3.6 Successors and Assigns. The provisions of this Agreement shall inure to the benefit of, and be binding upon, the Company and its successors and assigns and Grantee and Grantee’s legal representatives, heirs, legatees, distributees, assigns and transferees by operation of law, whether or not any such person shall have become a party to this Agreement or agreed in writing to join herein and be bound by the terms and conditions hereof.
3.7 No Employment or Service Contract. Nothing in this Agreement shall confer upon Grantee any right to continue in the Service of the Company (or any parent, affiliate or subsidiary entity of the Company) for any period of specific duration or interfere with or otherwise restrict in any way the rights of the Company (or any parent, affiliate or subsidiary entity of the Company) or Grantee, which rights are hereby expressly reserved by each, to terminate Grantee’s Service at any time for any reason whatsoever, with or without cause.

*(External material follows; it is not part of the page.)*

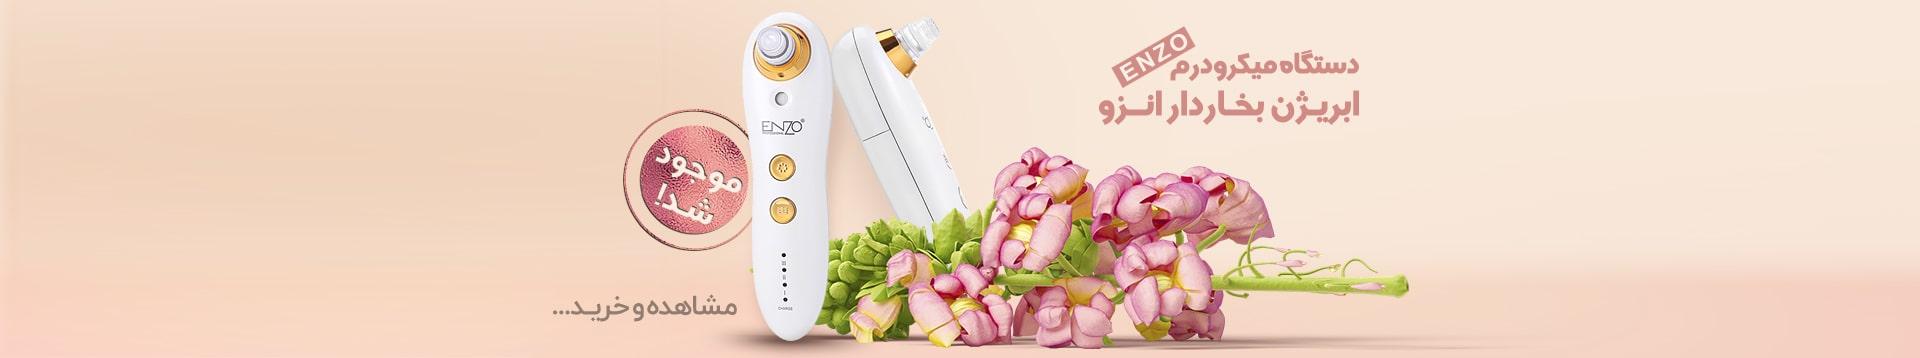 دستگاه میکرودرم بخاردار ابریژن انزو Enzo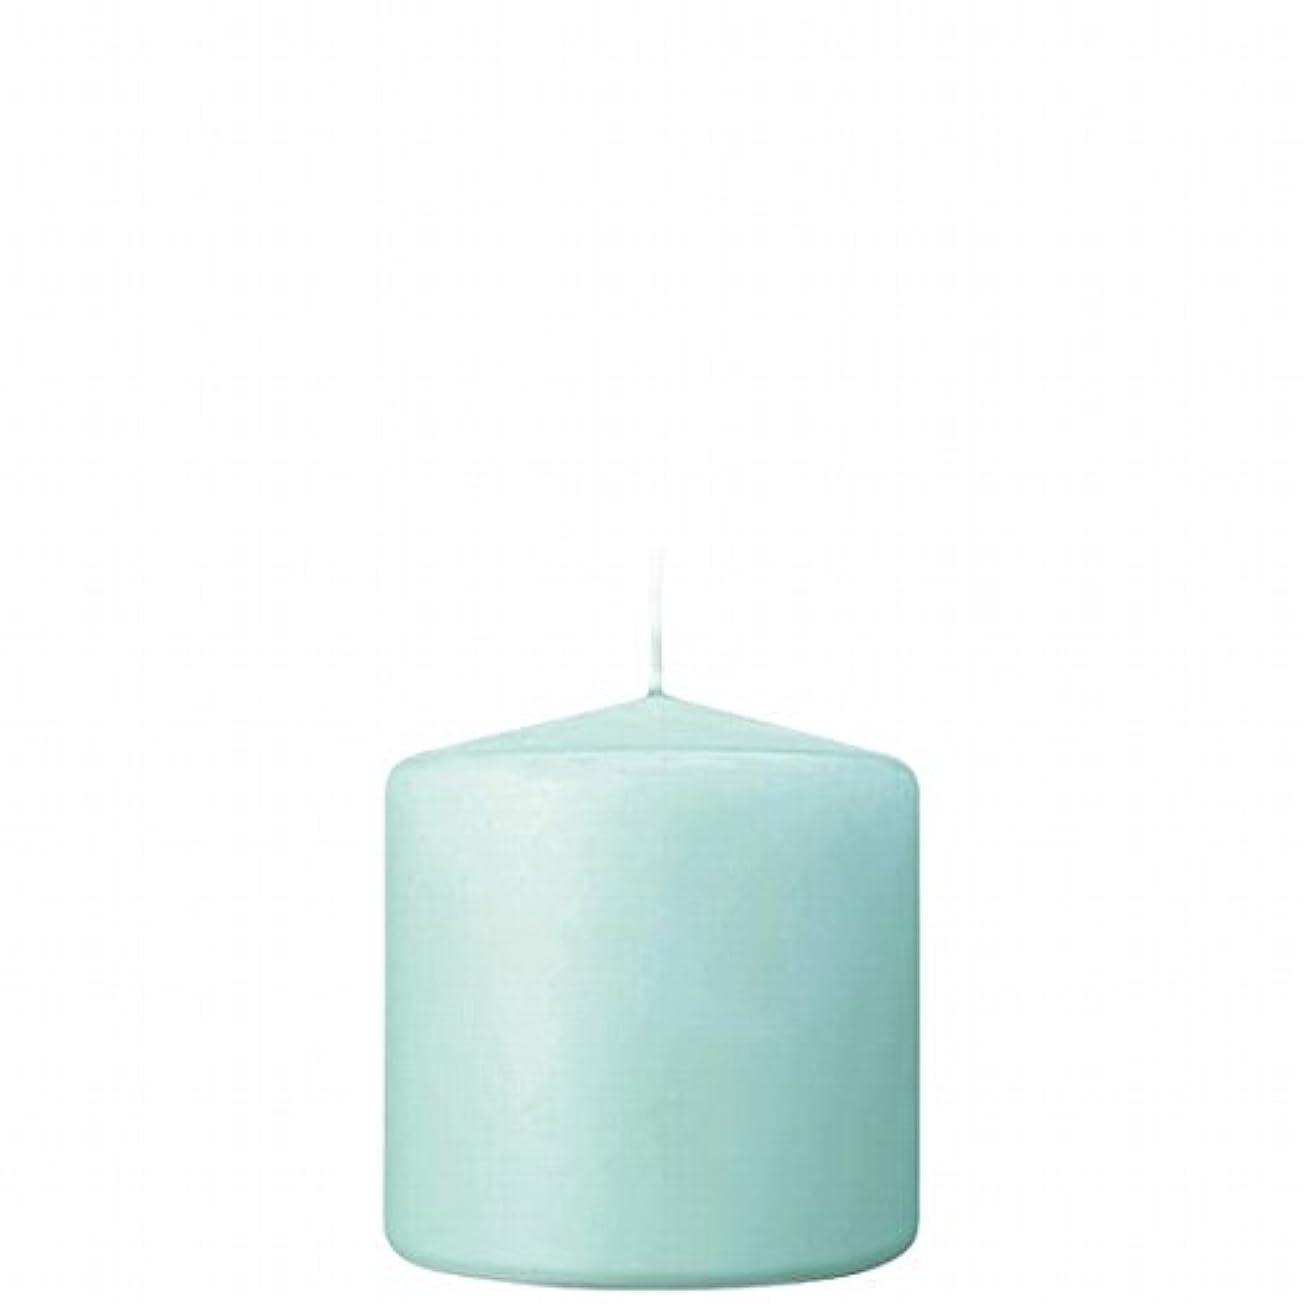 あいまい勝つ演じるカメヤマキャンドル(kameyama candle) 3×3ベルトップピラーキャンドル 「 ライトブルー 」

3.8 Notices. Any notice, payment, demand, or communication required or permitted to be given by any provision of this Agreement shall be in writing and personally delivered, or sent by overnight courier or certified mail return receipt requested, or by telephone or facsimile, if such telephone conversation or facsimile is followed by a hard copy of the telephone conversation or facsimile communication sent by overnight courier or certified mail return receipt requested, charges prepaid and addressed to the address for notice purposes set forth in this Agreement, or to such other address as such Person may from time to time specify by notice to the Company and Members. Any such notice shall be deemed to be delivered, given, and received for all purposes as of the date so delivered. Any correctly addressed notice that is refused, unclaimed, or undeliverable because of an act or omission of the party to be notified shall be deemed effective as of the first date that said notice was refused, unclaimed, or deemed undeliverable by the postal authorities, messenger, or overnight delivery service
3.9 No Waiver. No waiver of any breach or condition of this Agreement shall be deemed to be a waiver of any other or subsequent breach or condition, whether of like or different nature.
3.10 Limited Power of Attorney. Grantee does hereby irrevocably constitute and appoint the Manager of the Company and its duly authorized officers as Grantee’s true and lawful agent and attorney-in-fact to execute the Operating Agreement, with full power of substitution and resubstitution, and Grantee hereby ratifies and confirms all actions taken by the attorney-in-fact by virtue hereof. This power of attorney is irrevocable by Grantee in as much as it is coupled with an interest.
3.11 Conflicting Provisions. In case of any conflict between the terms of this Agreement and the terms of the Operating Agreement, the terms of the Operating Agreement shall govern and prevail and conflicting and additional terms and conditions contained herein shall be deemed deleted and shall not be binding upon the parties.